Task item: Quote all of the data exactly as given. Skip every picture it contains.

Data excerpt:
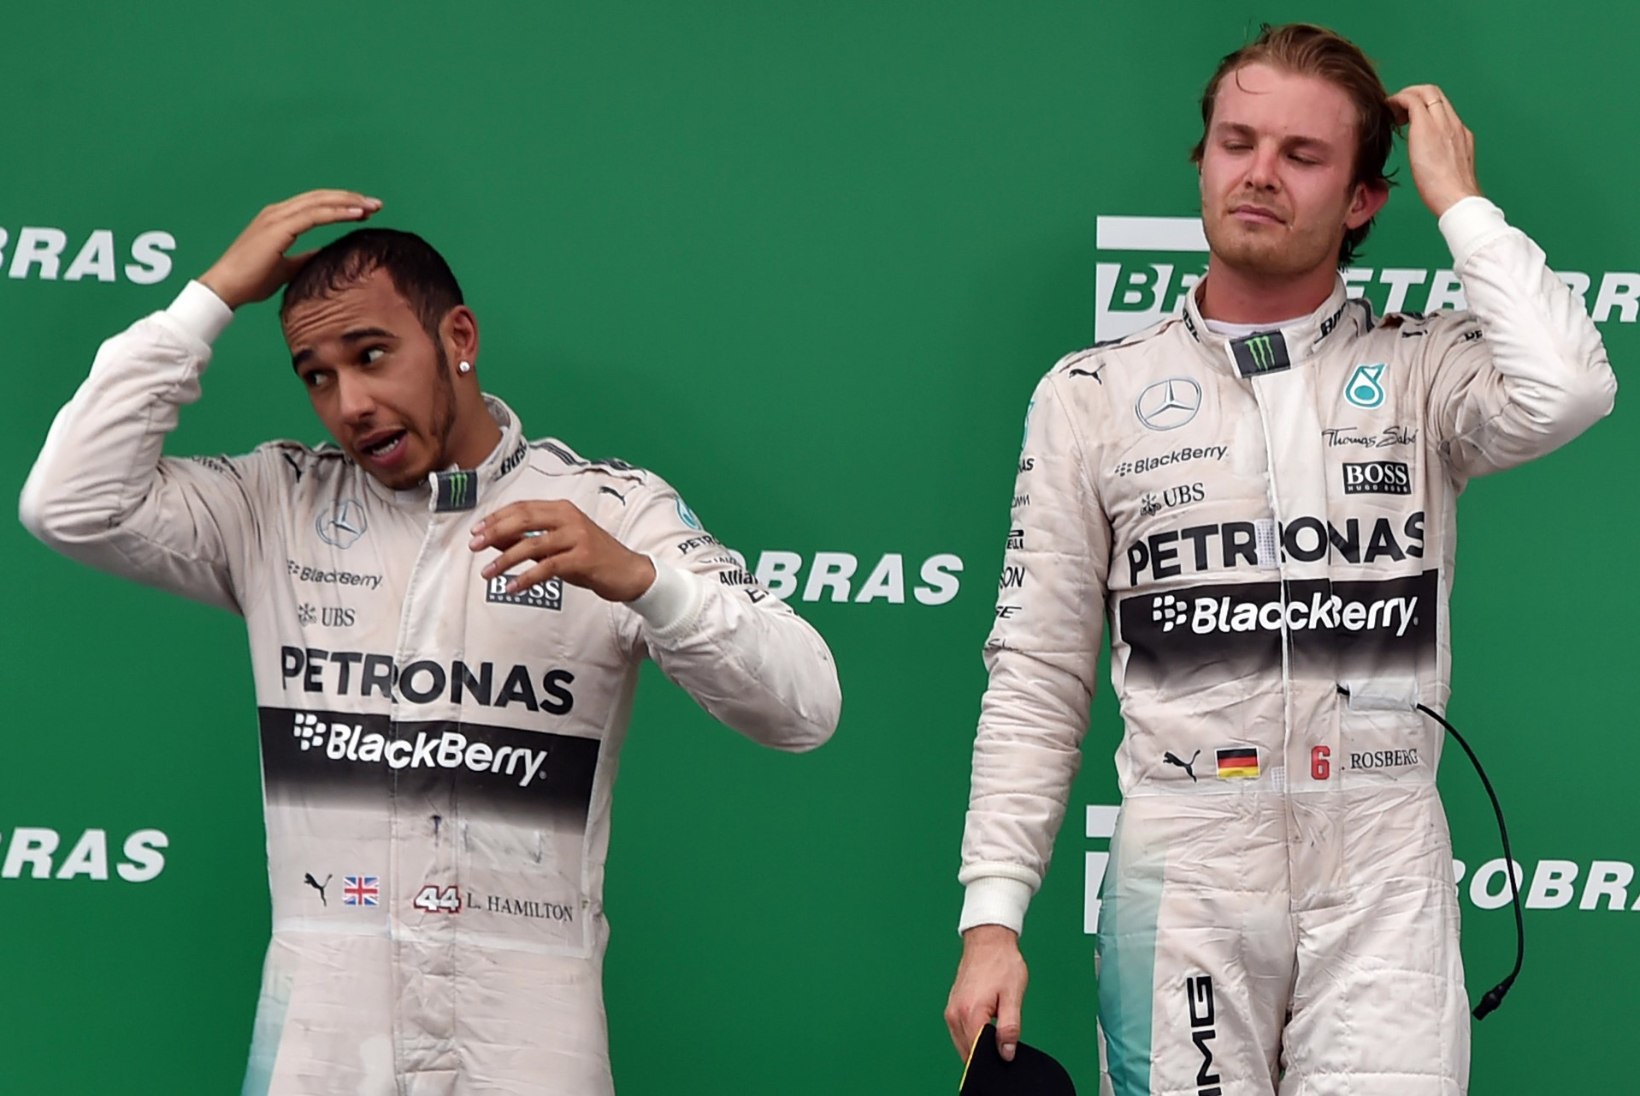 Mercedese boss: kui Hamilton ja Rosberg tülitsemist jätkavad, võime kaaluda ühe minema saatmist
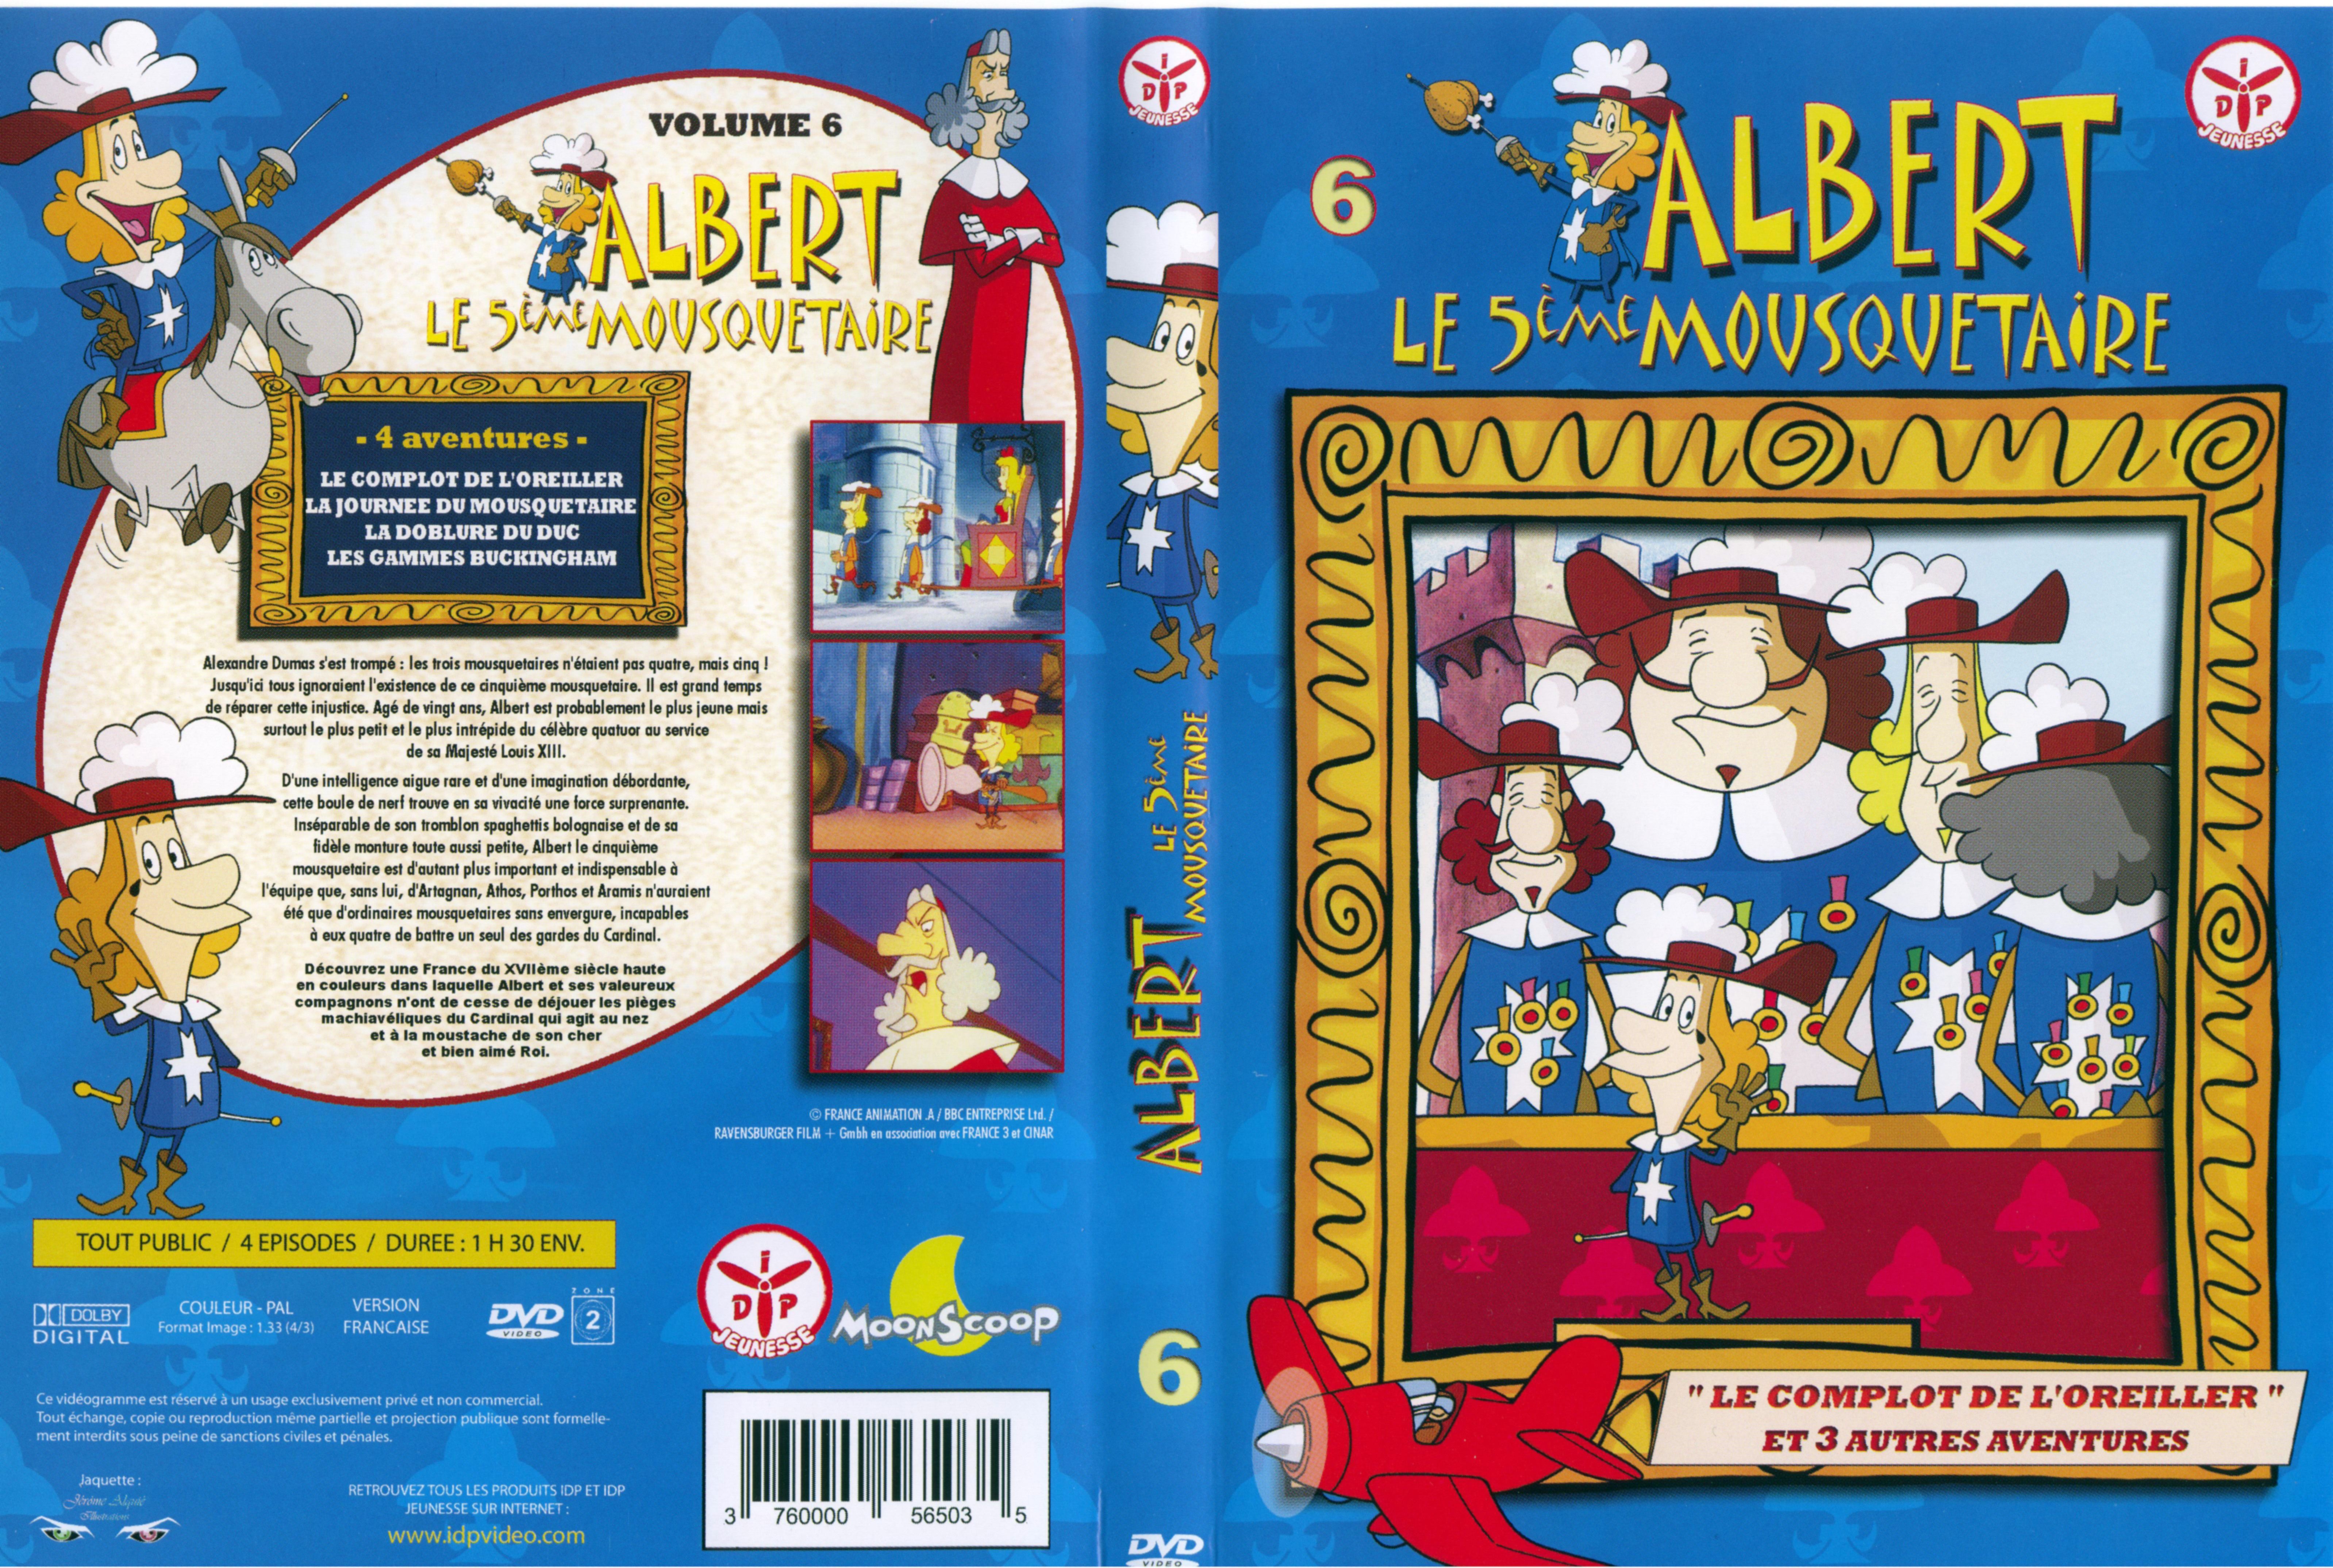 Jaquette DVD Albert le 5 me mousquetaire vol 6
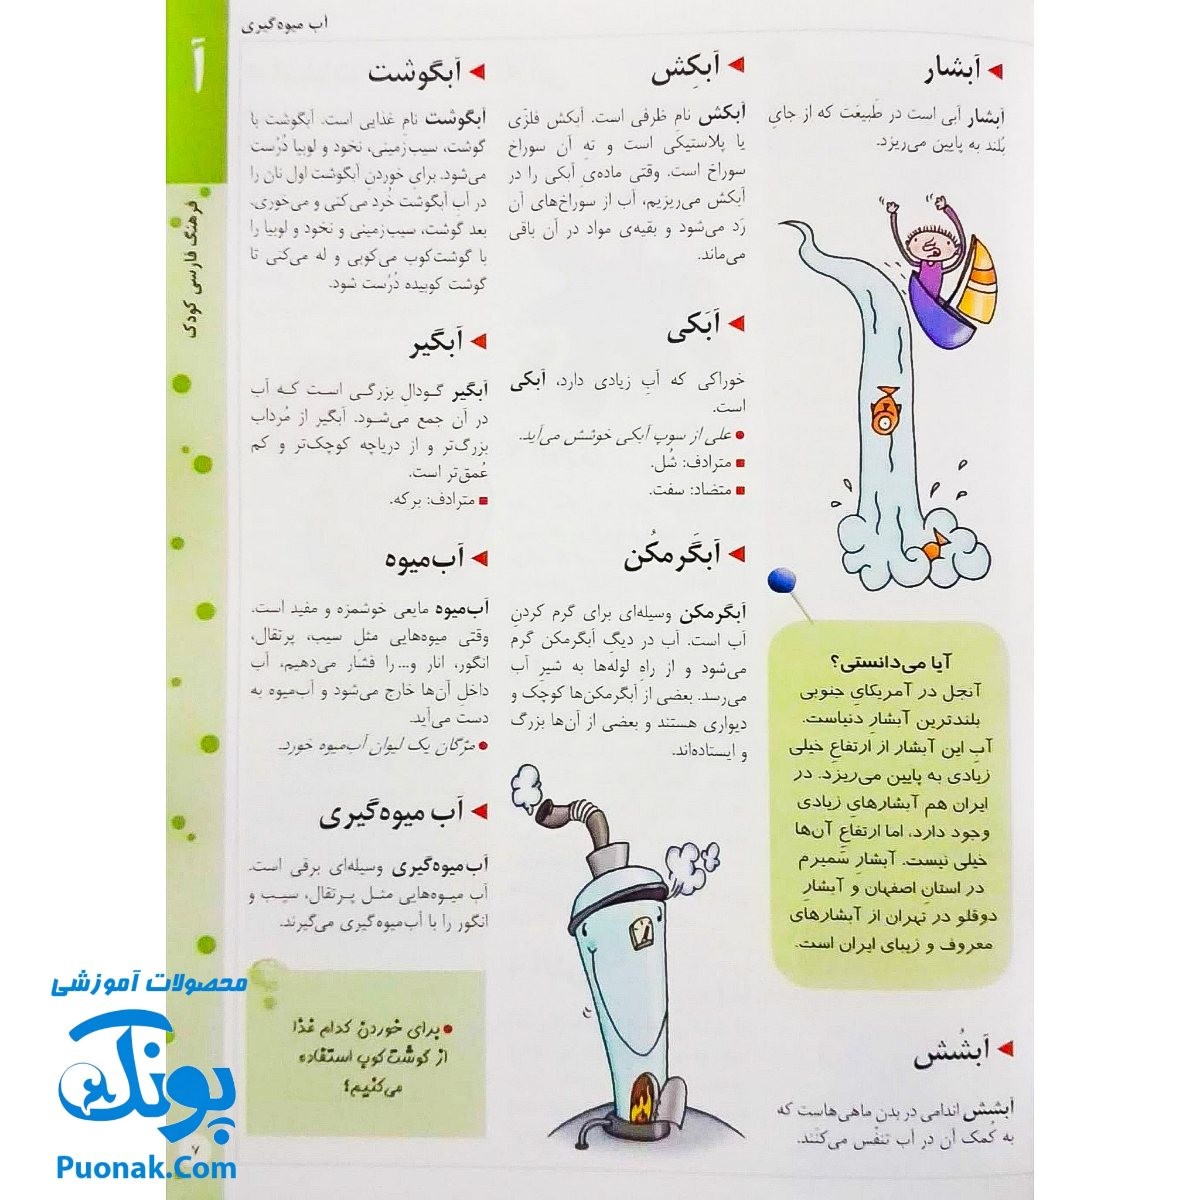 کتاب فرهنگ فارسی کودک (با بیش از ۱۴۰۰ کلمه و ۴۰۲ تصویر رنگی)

Output for this exercise:
 Mercedese boss: kui Hamilton ja Rosberg tülitsemist jätkavad, võime kaaluda ühe minema saatmist
 Jaquette DVD Albert le 5 me mousquetaire vol 6
 کتاب فرهنگ فارسی کودک (با بیش از ۱۴۰۰ کلمه و ۴۰۲ تصویر رنگی)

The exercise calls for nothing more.